Signed-off-by: Richard Henderson <rth@twiddle.net>
---
tcg/ppc64/tcg-target.c | 202 +++++++++++++++++++++++--------------------------
1 file changed, 95 insertions(+), 107 deletions(-)
diff --git a/tcg/ppc64/tcg-target.c b/tcg/ppc64/tcg-target.c
index 90d033c..4b23597 100644
--- a/tcg/ppc64/tcg-target.c
+++ b/tcg/ppc64/tcg-target.c
@@ -31,13 +31,11 @@
static uint8_t *tb_ret_addr;
-#define FAST_PATH
-
#if TARGET_LONG_BITS == 32
-#define LD_ADDR LWZU
+#define LD_ADDR LWZ
#define CMP_L 0
#else
-#define LD_ADDR LDU
+#define LD_ADDR LD
#define CMP_L (1<<21)
#endif
@@ -854,39 +852,64 @@ static const void * const qemu_st_helpers[4] = {
helper_stq_mmu,
};
-static void tcg_out_tlb_read(TCGContext *s, TCGReg r0, TCGReg r1, TCGReg r2,
- TCGReg addr_reg, int s_bits, int offset)

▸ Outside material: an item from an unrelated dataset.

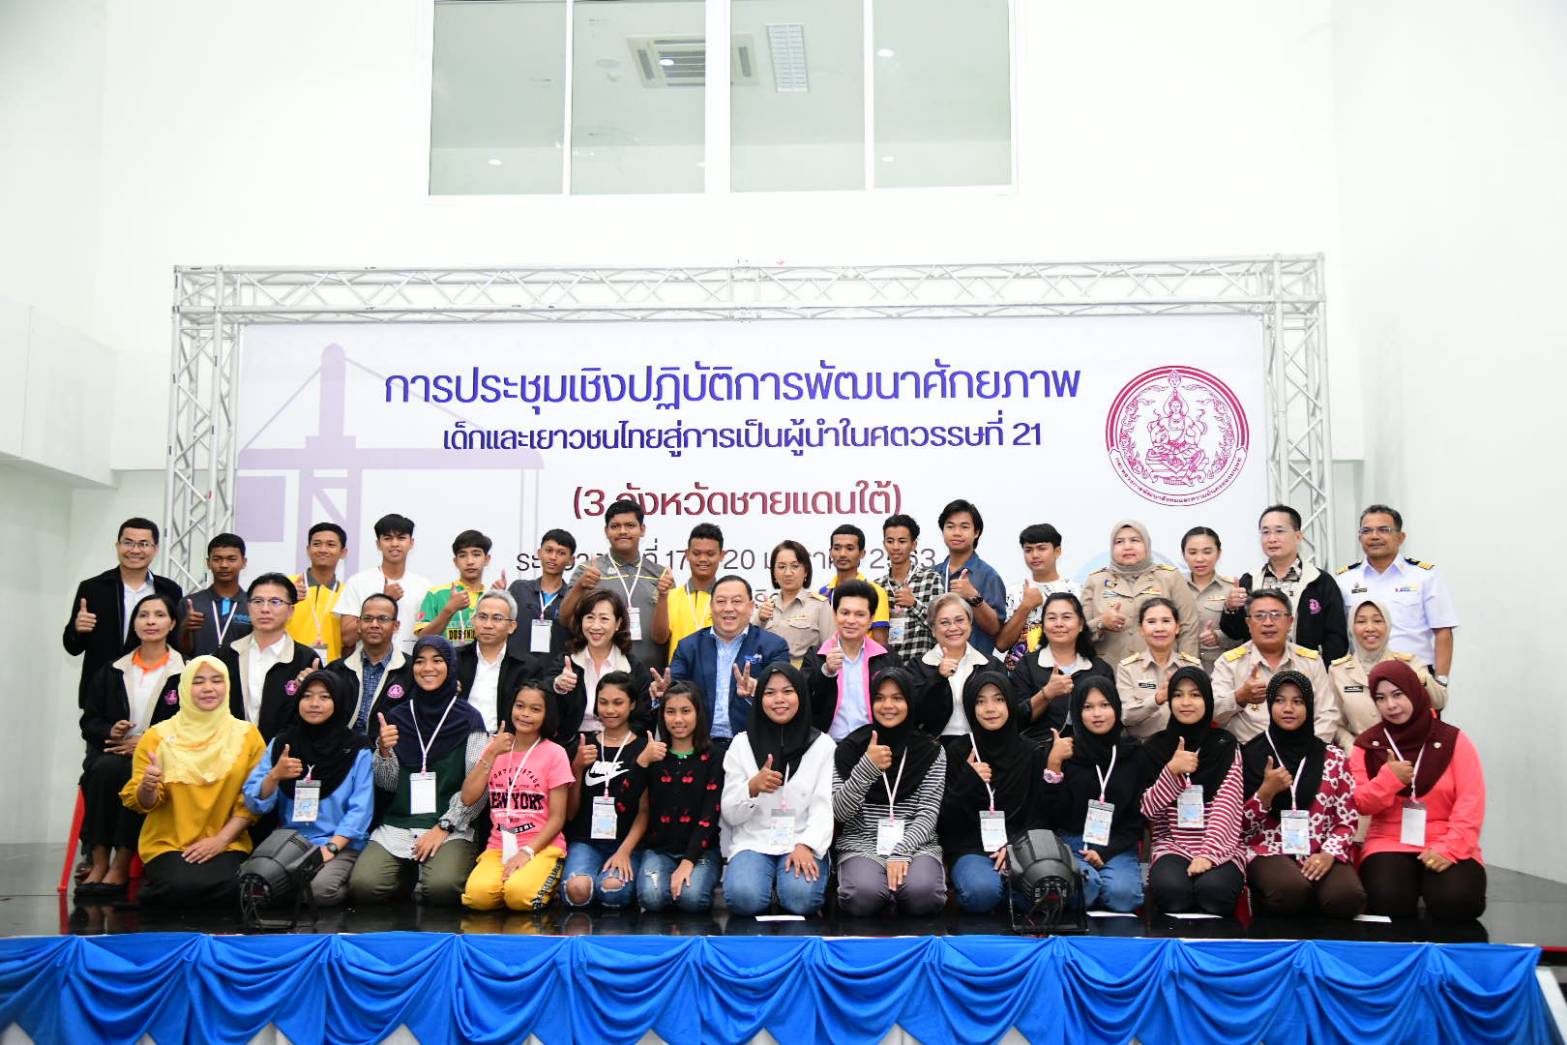 รองอผส. ลงพื้นที่เยี่ยมเยียนกลุ่มเป้าหมายจังหวัดนราธิวาส พร้อมร่วมพิธีปิดการประชุมเชิงปฏิบัติการพัฒนาศักยภาพเด็กและเยาวชนไทย สู่การเป็นผู้นำในศตวรรษที่ ๒๑ (๓ จังหวัดชายแดนใต้)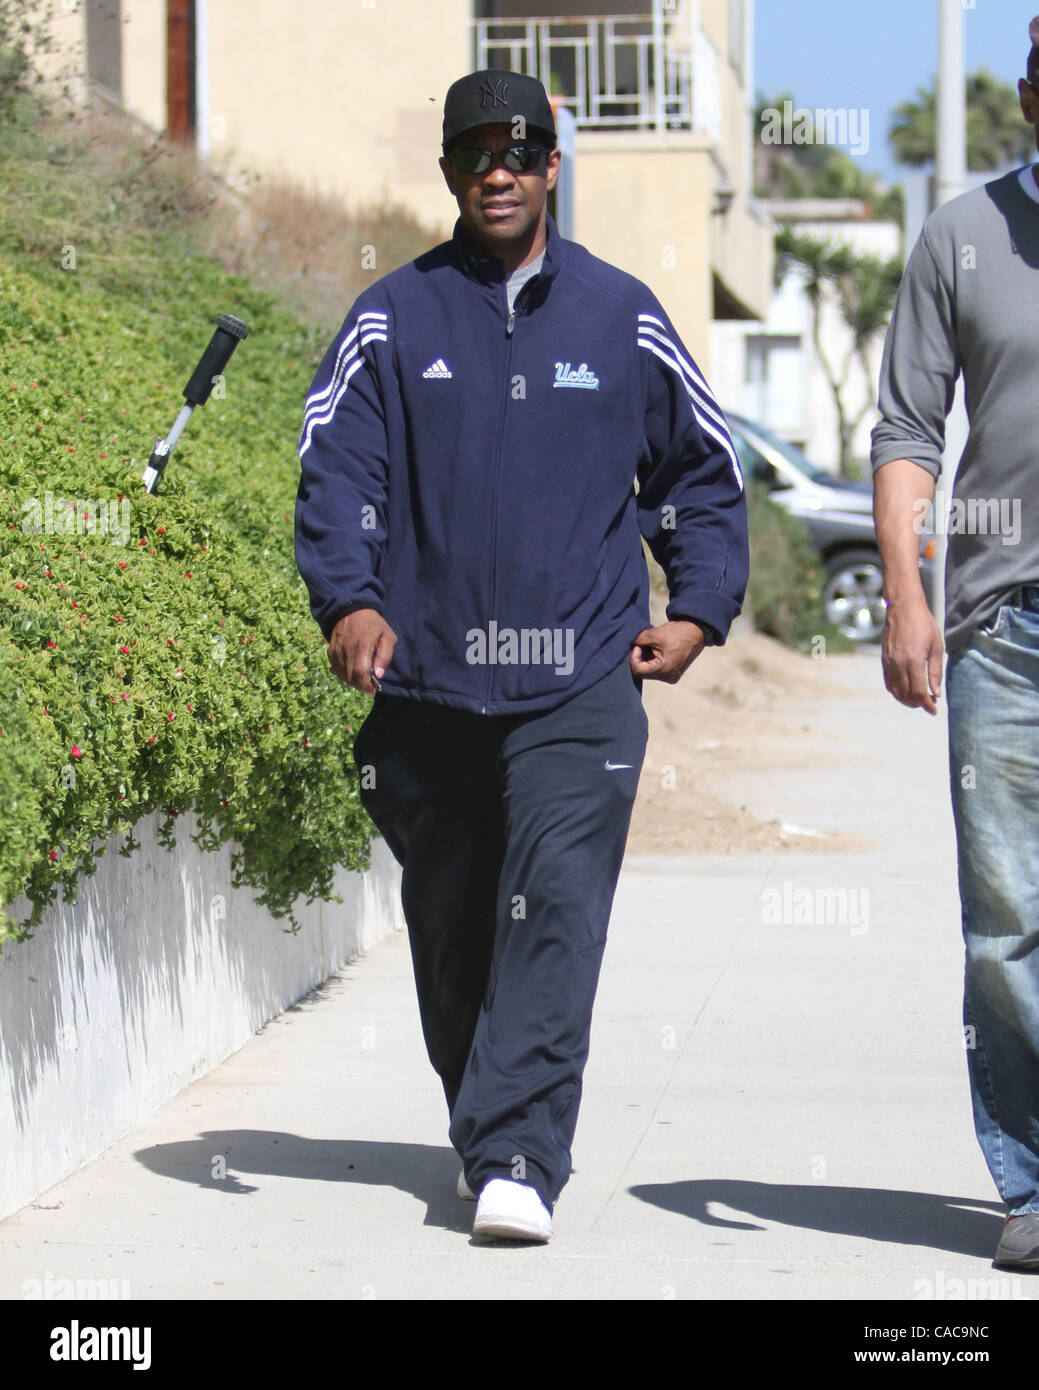 07 Aug, 2010 - Malibu, California, EE.UU. - El actor Denzel Washington  vistos en Malibu visten casual, vistiendo un chándal Adidas y sombrero de los  Yankees de Nueva York. (Crédito de la

+/* Perform the TLB load and compare. Places the result of the comparison
+ in CR7, loads the addend of the TLB into R3, and returns the register
+ containing the guest address (zero-extended into R4). Clobbers R0 and R2. */
+
+static TCGReg tcg_out_tlb_read(TCGContext *s, int s_bits, TCGReg addr_reg,
+ int mem_index, bool is_read)
{
-#if TARGET_LONG_BITS == 32
- tcg_out_ext32u(s, addr_reg, addr_reg);
-
- tcg_out_rlw(s, RLWINM, r0, addr_reg,
- 32 - (TARGET_PAGE_BITS - CPU_TLB_ENTRY_BITS),
- 32 - (CPU_TLB_BITS + CPU_TLB_ENTRY_BITS),
- 31 - CPU_TLB_ENTRY_BITS);
- tcg_out32(s, ADD | TAB(r0, r0, TCG_AREG0));
- tcg_out32(s, LWZU | TAI(r1, r0, offset));
- tcg_out_rlw(s, RLWINM, r2, addr_reg, 0,
- (32 - s_bits) & 31, 31 - TARGET_PAGE_BITS);
-#else
- tcg_out_rld (s, RLDICL, r0, addr_reg,
- 64 - TARGET_PAGE_BITS,
- 64 - CPU_TLB_BITS);
- tcg_out_shli64(s, r0, r0, CPU_TLB_ENTRY_BITS);
+ size_t offset
+ = (is_read
+ ? offsetof(CPUArchState, tlb_table[mem_index][0].addr_read)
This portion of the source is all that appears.